王諫額頭青筋亂跳,質問道︰「那天你不是已經答應了嗎,所以為父才與孟家商量的,為何又出爾反爾?」
王亨道︰「兒子什麼時候答應了?」
王諫道︰「前天晚上你妹妹恭喜你,你說‘同喜同喜’,這不是答應了又是什麼?難道你還有什麼別的喜事?」
王亨道︰「父親誤會了,兒子說的是梁心銘中狀元。

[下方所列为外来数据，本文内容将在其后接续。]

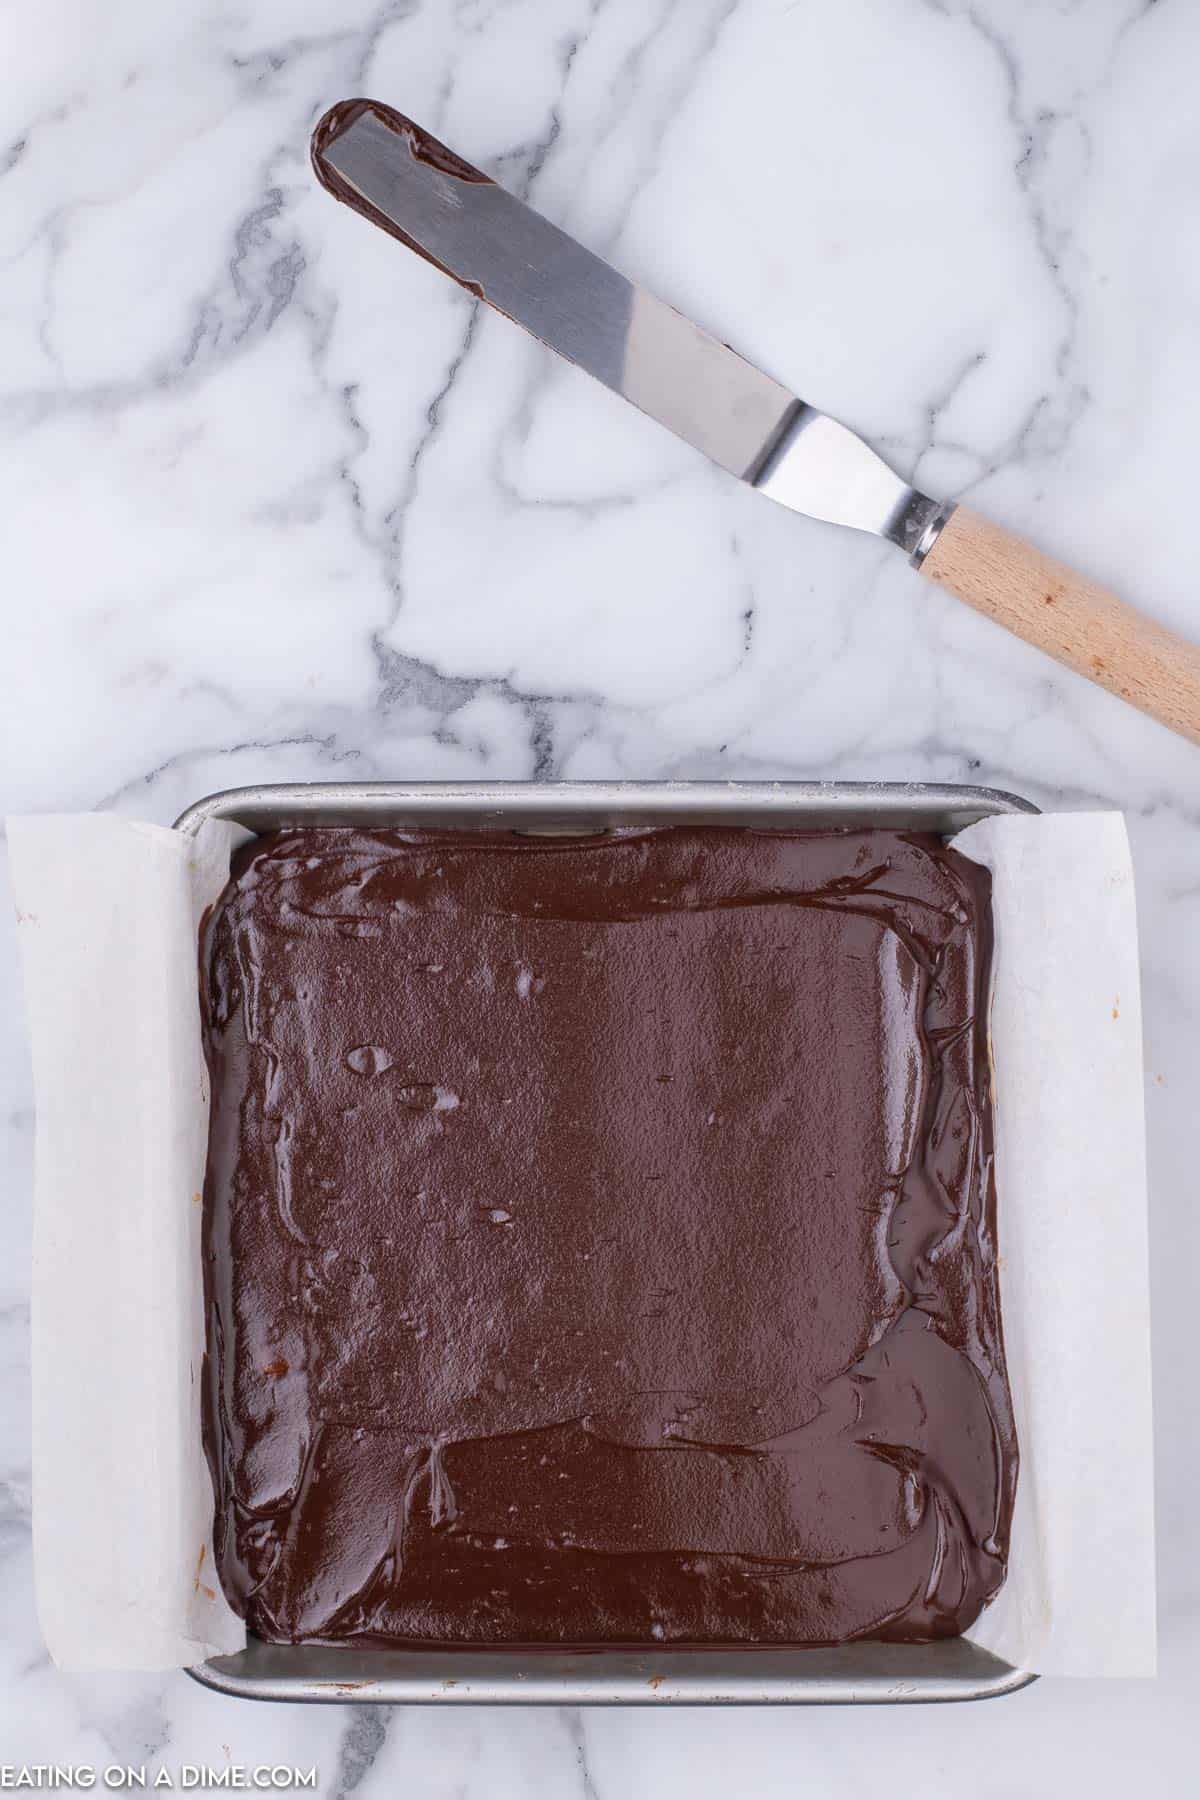 Chocolate layer in the baking dish lined with parchment paper
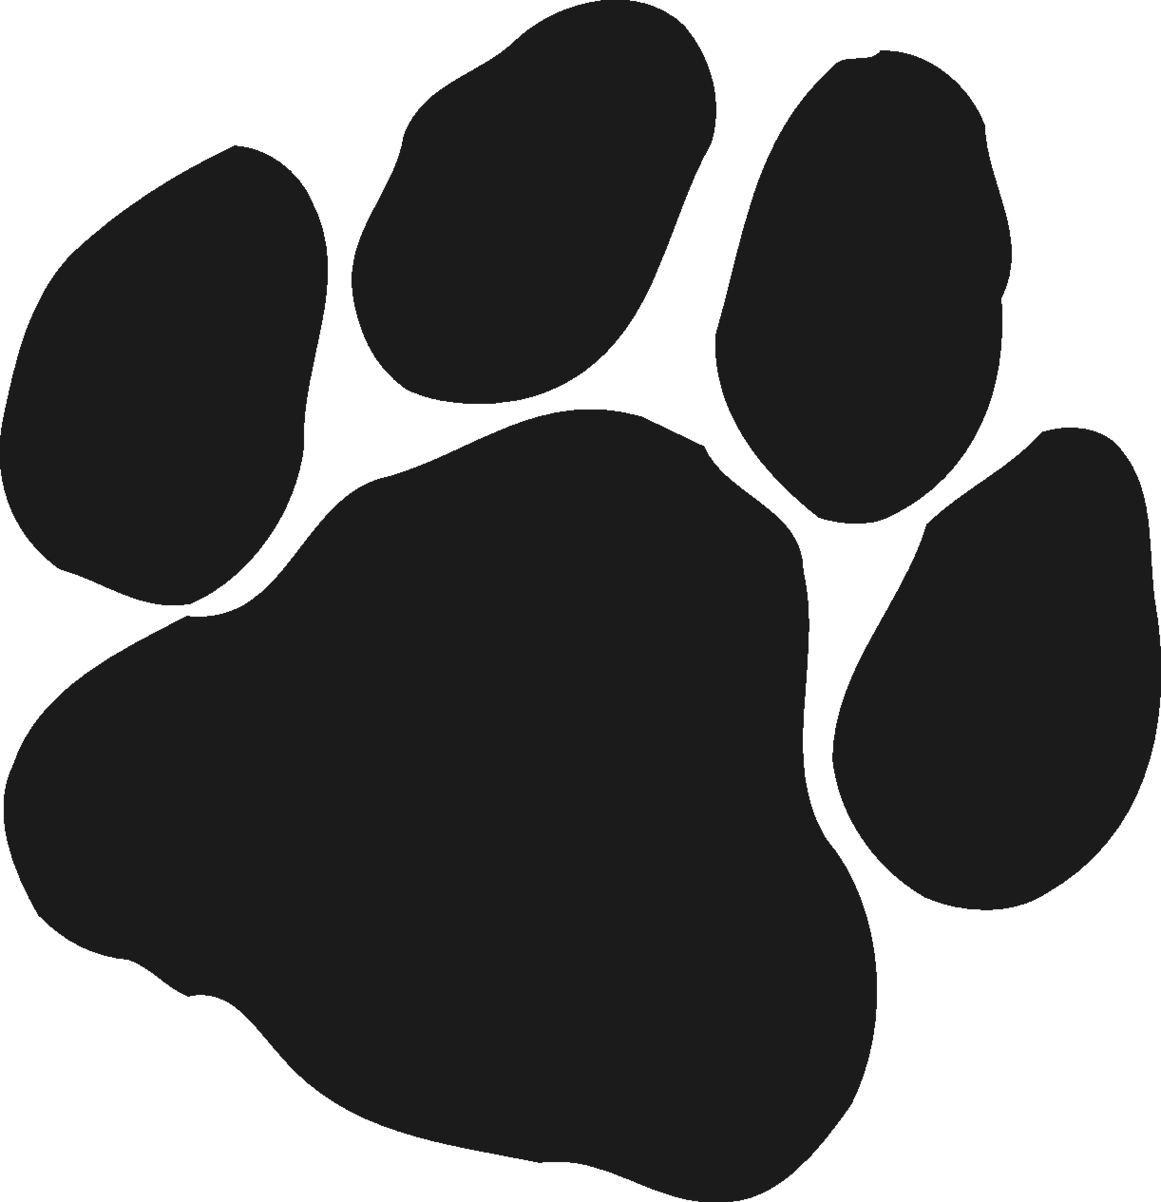 Wildcat Paw Logo Clipart - Free to use Clip Art Resource

」
王諫憤怒道︰「人家中狀元與你何干?」
這該死的逆子,真與梁心銘不清不白!
王亨道︰「怎麼無干!兒子被人誣陷泄露會試考題,這罪名有多大,難道父親從未放在心上?梁心銘中了頭名狀元,便證明兒子是無辜和清白的,洗刷了兒子的冤屈,免除了一場滔天大禍。難道這還不算喜事?」
王諫瞪著他,一句話也駁不出來。
論辯駁,他是無論如何也辯不過兒子的。
青出于藍而勝于藍,這是他的悲哀!
老太太急忙打岔,把話題拉了回來,再說婚事,和王夫人輪番苦勸王亨成個家、綿延子嗣。
王亨堅持說,他已經有妻子了。
老太太無奈道︰「安泰,馨兒已經去了!」
王夫人也勸道︰「就算是妻子亡故,丈夫守孝一年也算盡到情義了,何況你已經為她守了六七年,也該再娶了。」
王亨道︰「別說兒子沒有再娶的念頭,就算兒子想要女人,也只會納妾,不會再娶!」
王諫再也忍耐不住,霍然起身,抬手指著王亨鼻子道︰「逆子!你敢忤逆長輩?」
王亨也收了懶散神態,正言厲色道︰「父親這話兒子不明白,也不敢當。十一年前,兒子遵從‘父母之命媒妁之言’,王家用八人抬大花轎將馨兒娶進門,三媒六證齊全,馨兒是兒子正經的嫡妻。更不用說馨兒對兒子有大恩,為了幫兒子治病險些喪命。在兒子心中,馨兒是我唯一的妻子,雖陰陽相隔,此情不渝!任何人都別想佔據她的位置!父親要兒子再娶,是父親背信棄義,何來兒子忤逆之說?」
王諫氣得渾身亂顫道︰「你說為父背信棄義?」
老太太急忙道︰「安泰,這世上娶繼妻的人多了!」
王夫人也道︰「對,你總不能為了馨兒一輩子不娶。就是馨兒那孩子,也不願意看到你現在這個樣子。」
王亨憤怒喊道︰「馨兒馨兒,你們還好意思提馨兒?!馨兒幫我治好了病,自己卻落得尸骨無存的下場。你們可以當做沒有這回事、沒有這個人,然我怎忍心忘掉她、娶別的女人?就是個天仙,在我眼里也是個骷髏!」
王諫強硬道︰「你不娶也得娶!為父已經發了喜帖,你若抗命,為父就去御前告你忤逆!」他豁出去了。
王亨道︰「想逼我成親,除非我死!」
見他父子爭吵,老太太和王夫人都很著急,老太太也不歪著了,坐正了喊道︰「好好說,都好好說!」
王夫人則盯著王諫,冷冷地道︰「老爺太沖動了!」
關鍵時刻,她挺身護著兒子。
他有什麼資格這樣對亨兒?
亨兒所受的罪,難道不都是拜他所賜?
王諫感受到妻子的目光,也很生氣,心想都是你養的好兒子,都慣得目無尊長了,遲早闖出大禍。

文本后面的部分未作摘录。